最初の記念日
咲部眞歩
最初の記念日
部屋が明るくなるのが少しずつ早くなってきて、ベッドから抜け出すのが気持ち楽になる。朝は気持ちいい方がいい。靴を履いて、くわえ煙草でインスタントのコーヒをおとす。繰り返しの動作だが、不思議と嫌な気持ちにはならない。朝に余裕を持つことは大切なことだ。
「行くの?」
不意に後ろから声をかけられて振り返る。いつもならまだ眠っている時間だ。朝に顔を合わせるのは珍しい。
「ああ」
彼女との会話は野球のノックのようなものだ。キャッチボールにはならない。どちらかが投げて、それを捕球するだけ。返ってくることはない。こうして一緒に暮らし始めて随分経つが、これは変わらない。
「靴履けよ。あと、風邪ひくぞ」
「靴は嫌いなの。裸足で床に足を付けている感覚が好き。土だったらなおいいと思うわ」
どこから引っ張り出してきたのか彼女の背丈にはあまりにも大きすぎるクロークを引きずりながらこちらに寄ってくる。
「わたしにもちょうだい」
飲めるのか? と訊きかえそうかと思ったが返答はなんとなくわかっているので黙って彼女のカップにもコーヒをおとす。春とコーヒの香りが部屋中に充満し、悪くない気分になる。
「今日遅いの?」
差し出したコーヒを受け取りながら彼女が訊く。しばらくぶりに目があったような気がする。ここに来た時よりもだいぶましな目になった。最初はどうなるかと思ったし、いまも何かをうまくやっているつもりはないが、悪影響を与えているわけではないようだ。
「さぁな」
「早く帰ってきて」
ボールが返ってきた。若干一方的なような気もする。捕球したそれをこっちの準備が出来ていないのに投げ返してきた感じだ。

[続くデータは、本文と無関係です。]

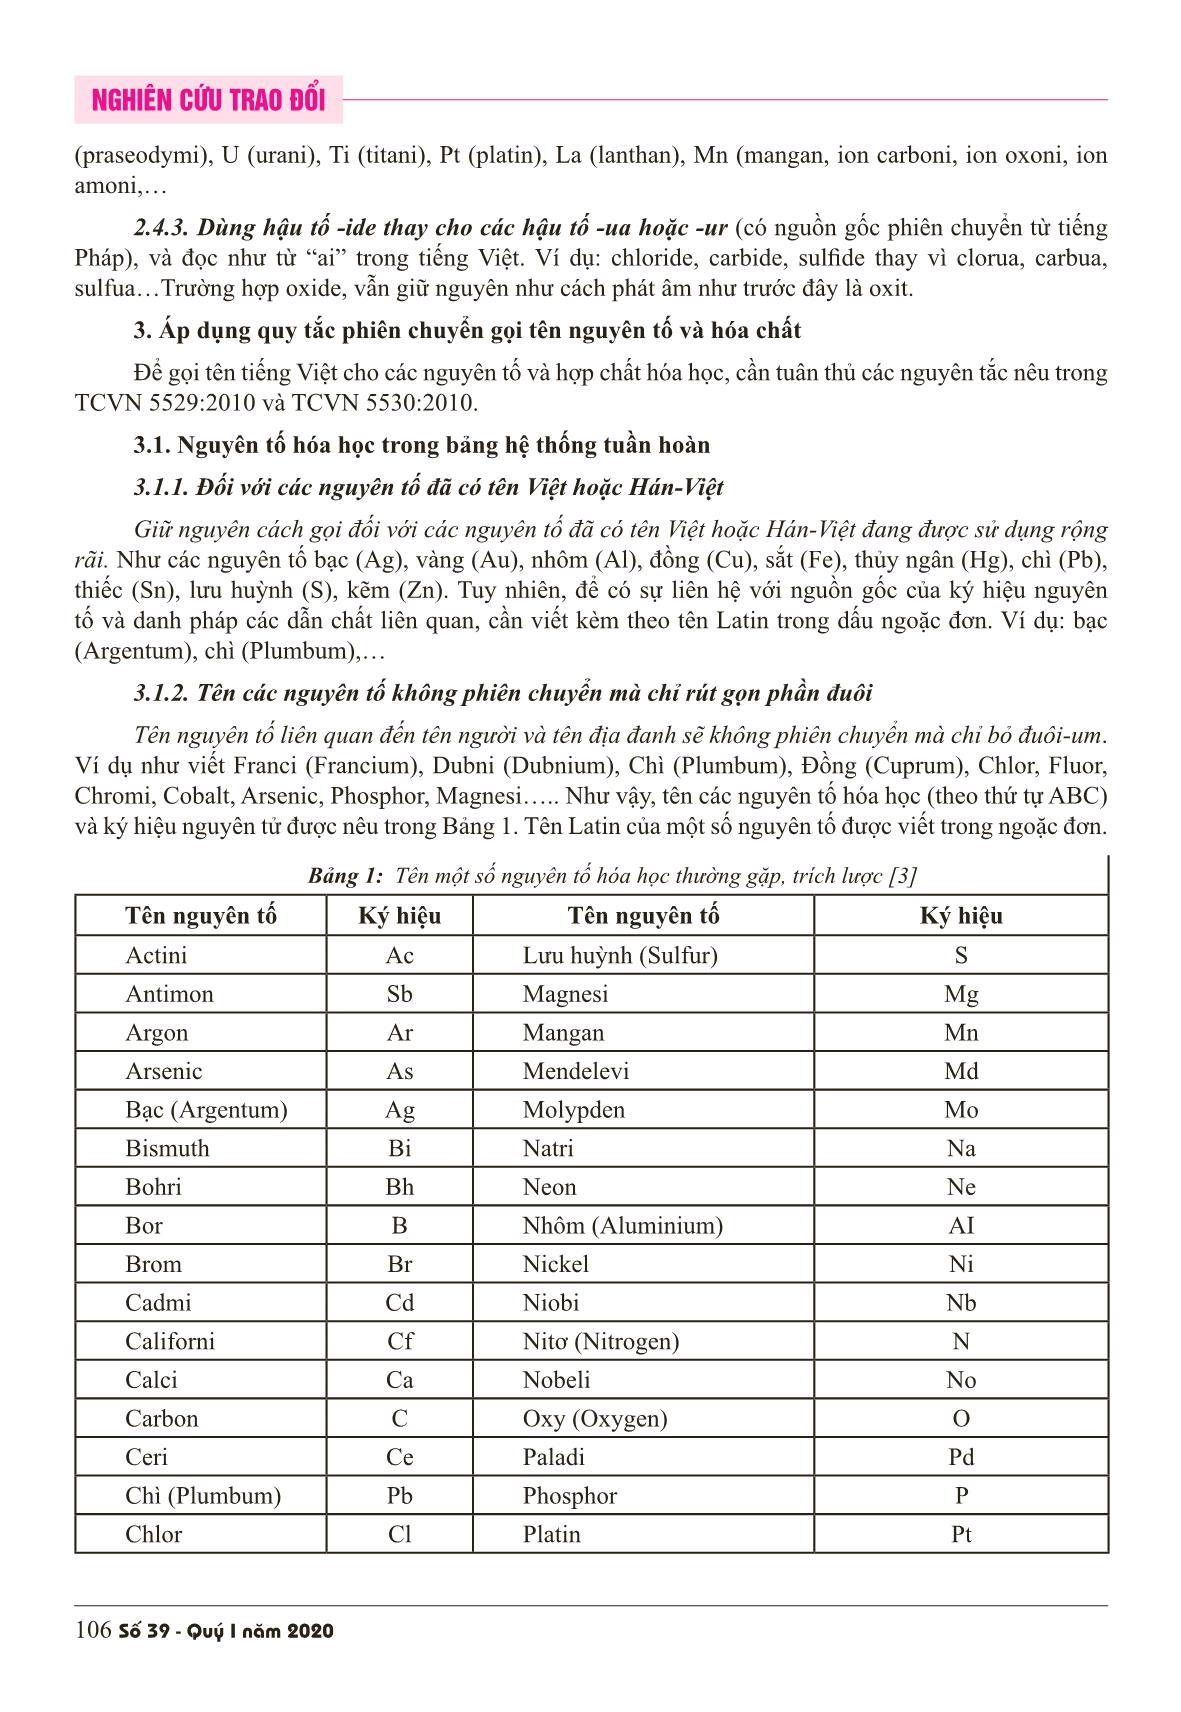 Áp dụng các quy tắc phiên chuyển và danh pháp iupac vào danh pháp hóa học Việt Nam trang 4

だけど返ってきたことに変わりはない。返ってきたなら、それは取らなくちゃならない。
「……なぜ?」
動揺はしているが取り乱すほどではない。こういうときに限って煙草の煙が目に染みる。つい目を細めて彼女を見返した。
だが彼女に動じる気配はない。ただ黙っておれを見ている。
「ここに来て、今日で一年。わたしが時間を得てから、最初の記念日。生きる時間をくれたあなたに、感謝の気持ちを伝えたい」
時間を得る、という表現が彼女の今までの人生を物語っている。彼女には一年前の昨日まで時間がなかった。陽が昇り、季節が変わり、ただそれだけのうろんな日々から彼女は一年前の今日、抜け出した。幸か不幸かおれの手によって。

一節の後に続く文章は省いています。